## Requirement
Your copy of the listing should match it exactly, only without pictures.

## Supplied information
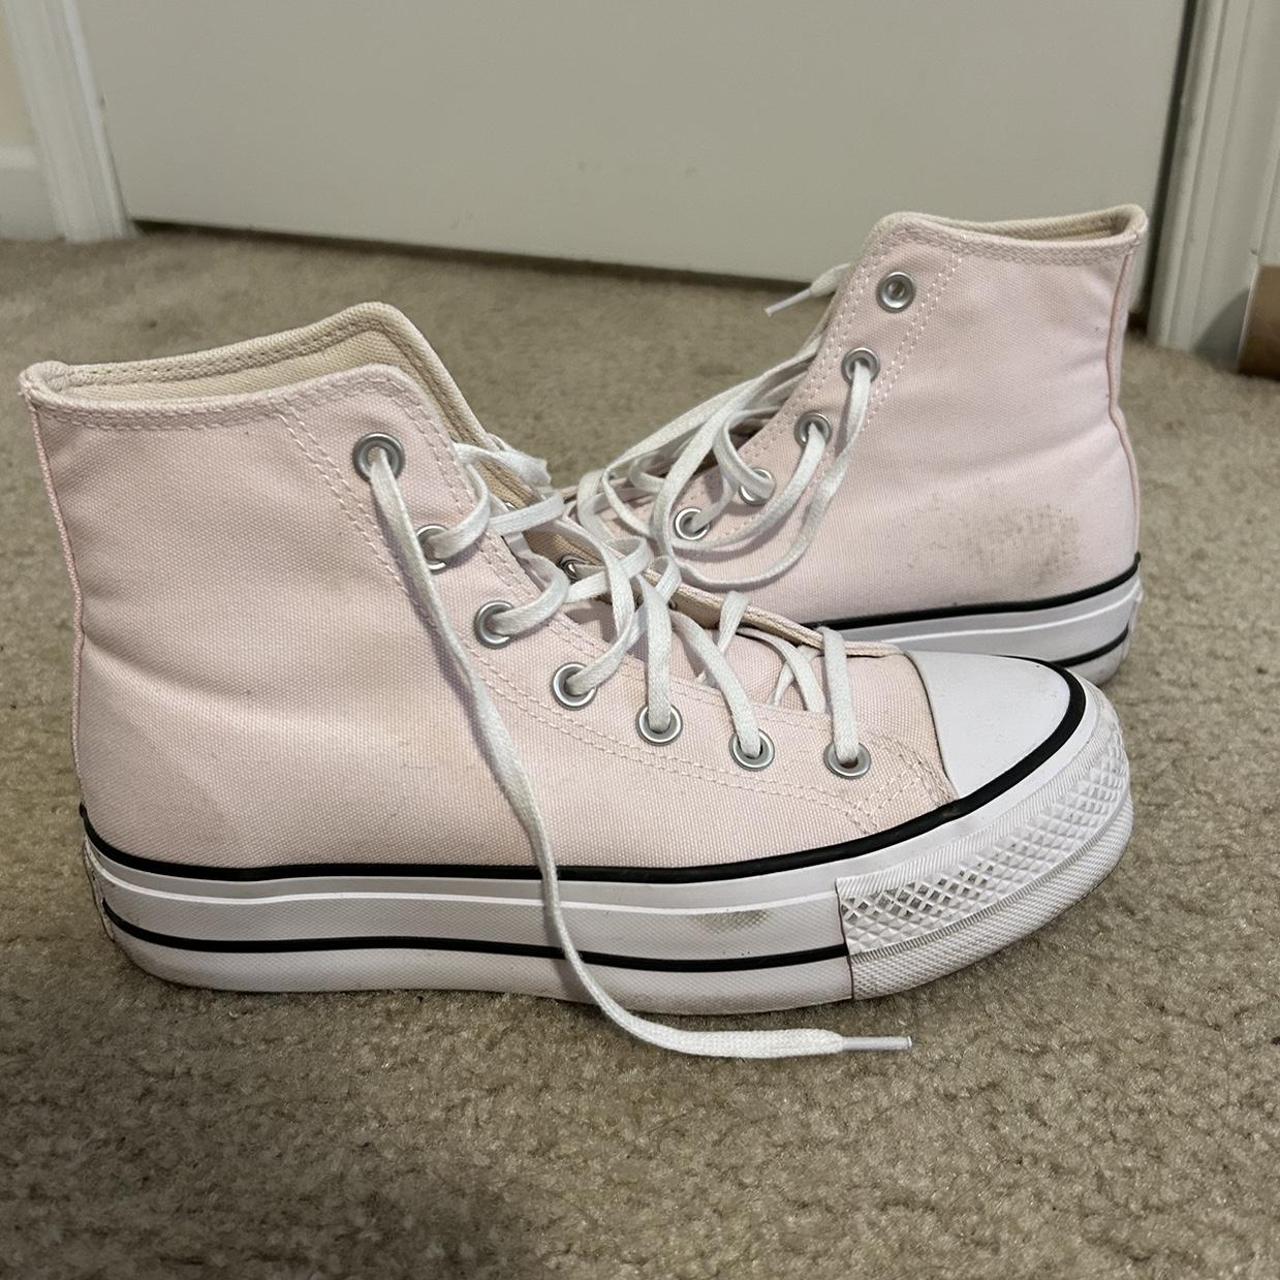 Converse Women's White and Pink Trainers | Depop
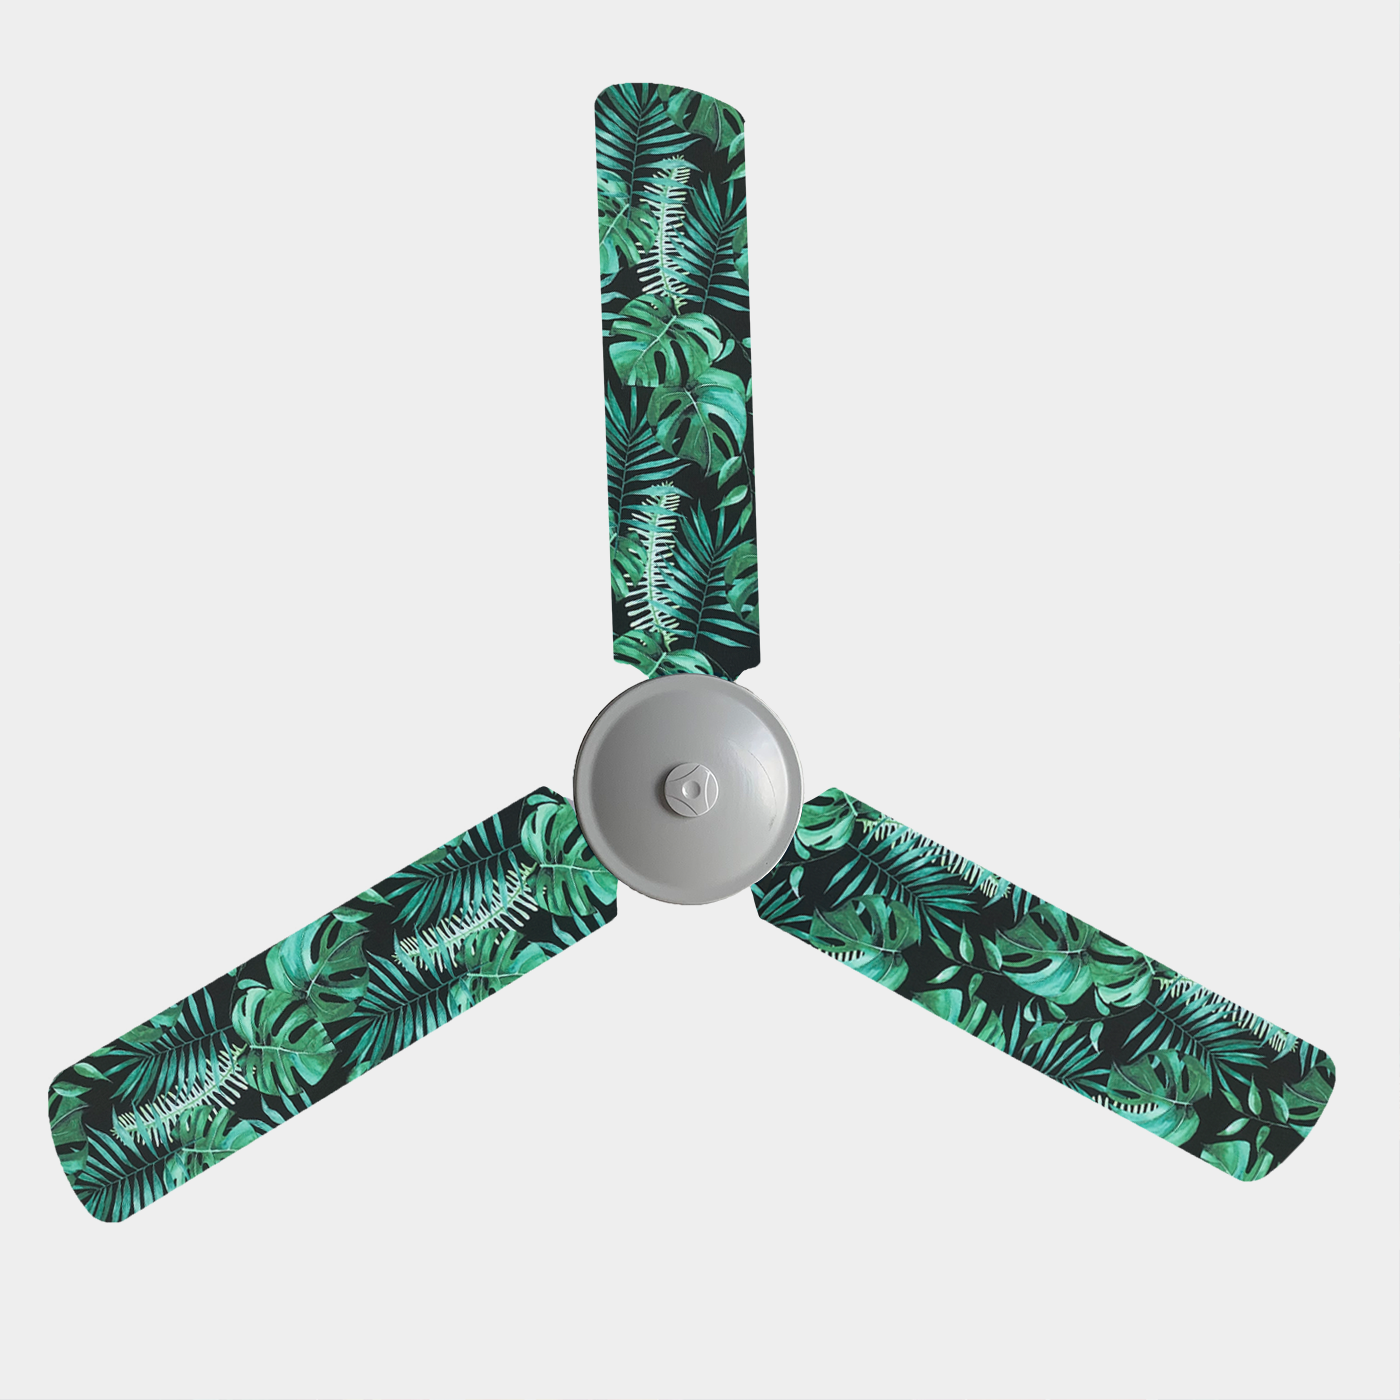 Three blade ceiling fan with fan covers with black background and large green leaves and ferns
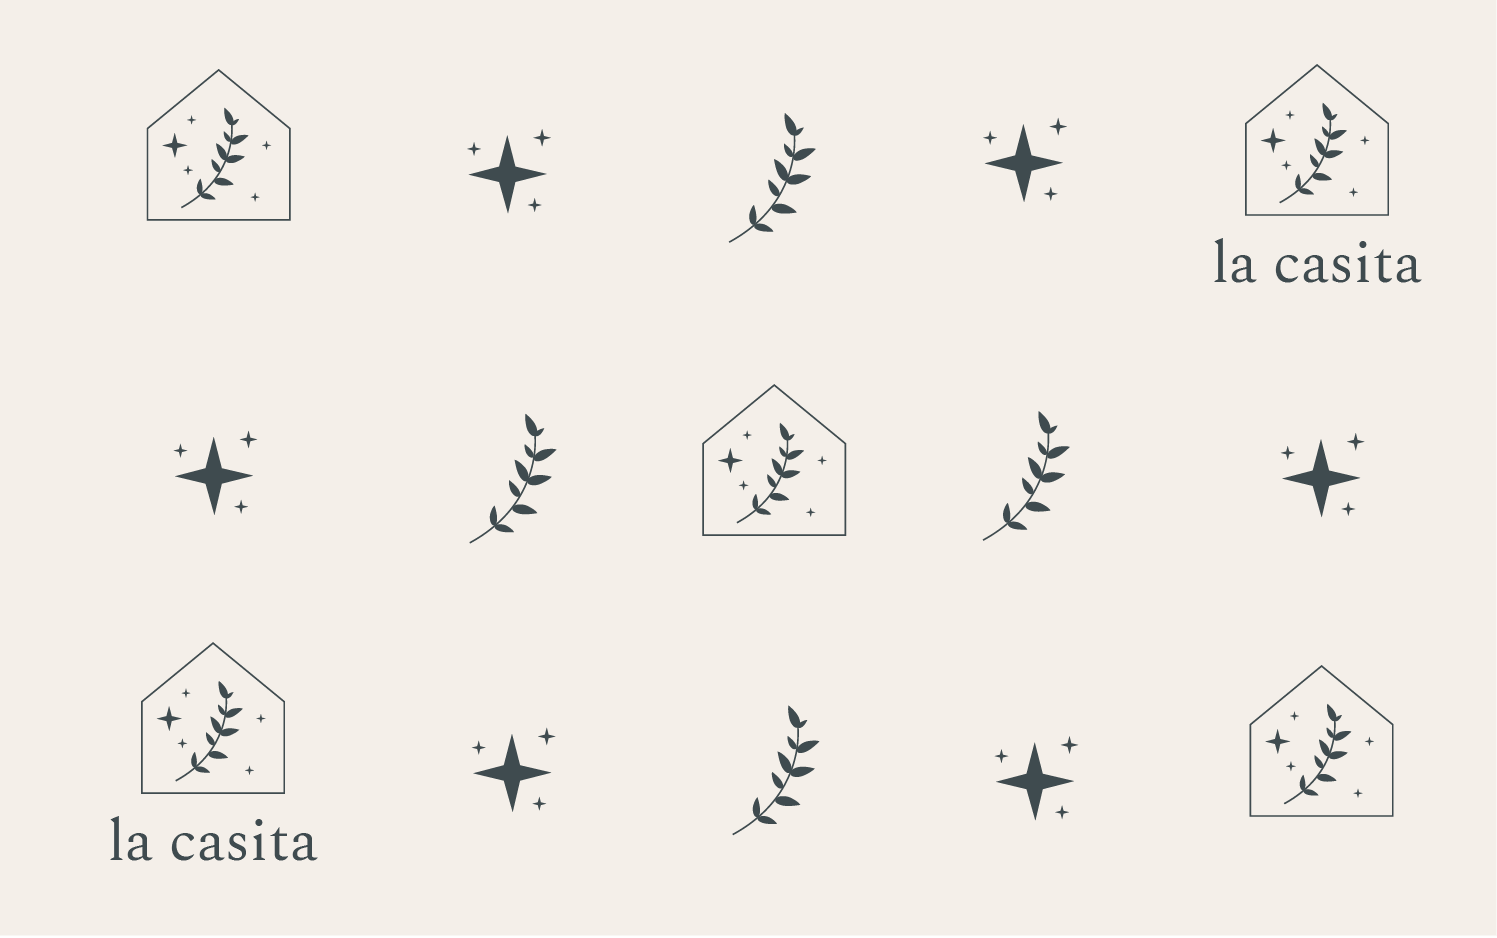 La Casita logos, branch elements and star elements in a pattern
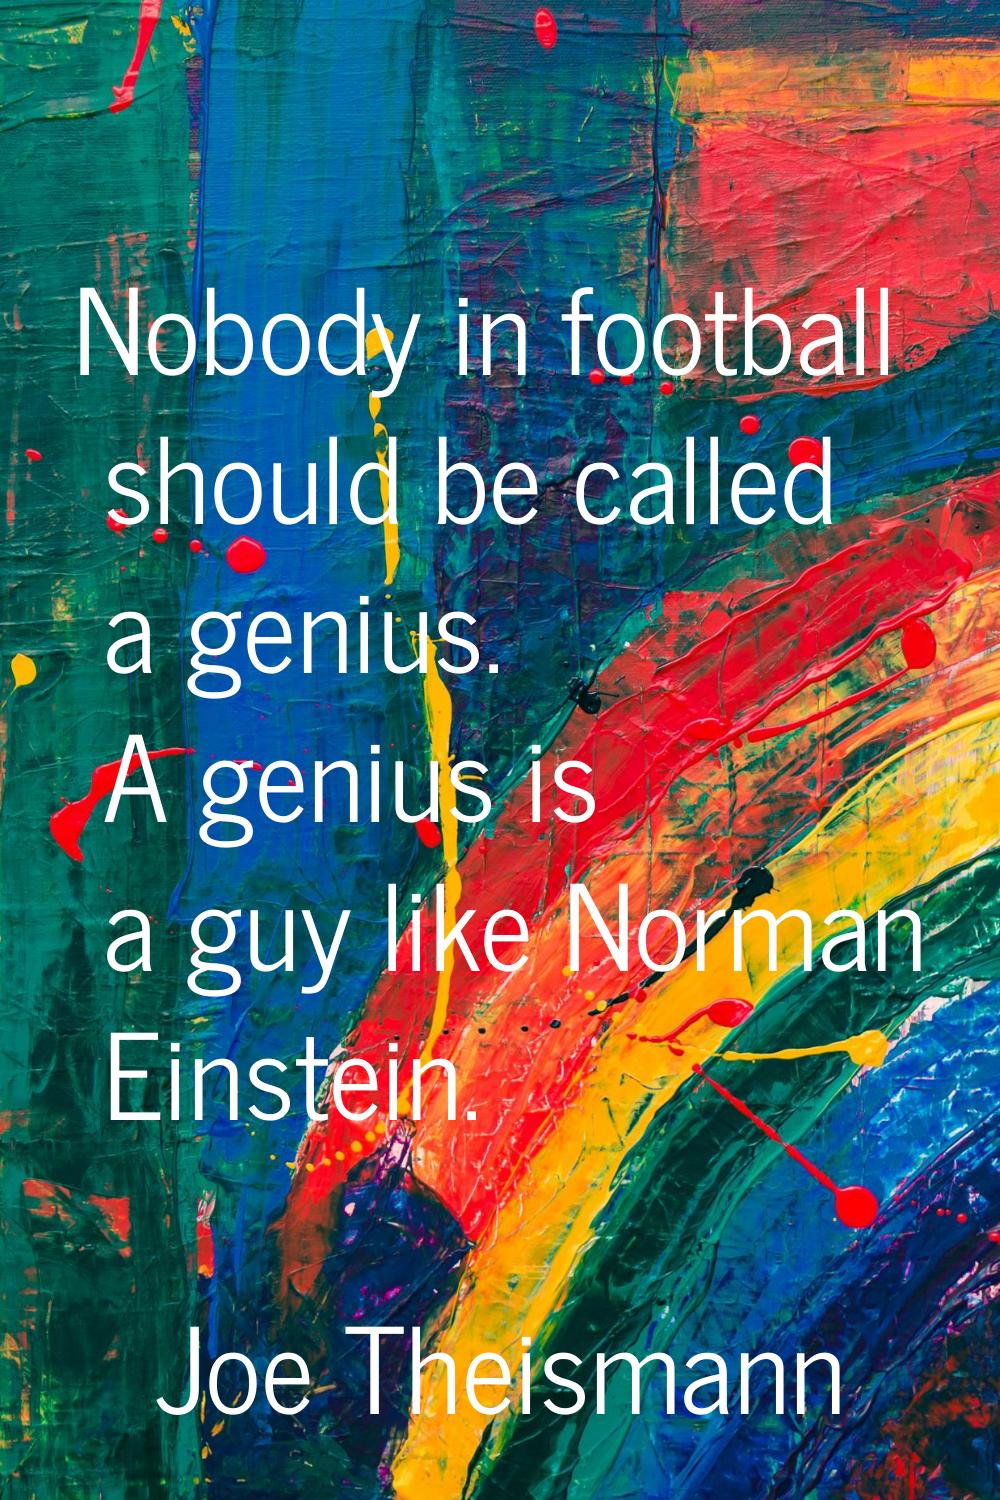 Nobody in football should be called a genius. A genius is a guy like Norman Einstein.

## Written reply
 Converse Women's White and Pink Trainers | Depop
 Three blade ceiling fan with fan covers with black background and large green leaves and ferns
 La Casita logos, branch elements and star elements in a pattern
 Nobody in football should be called a genius. A genius is a guy like Norman Einstein.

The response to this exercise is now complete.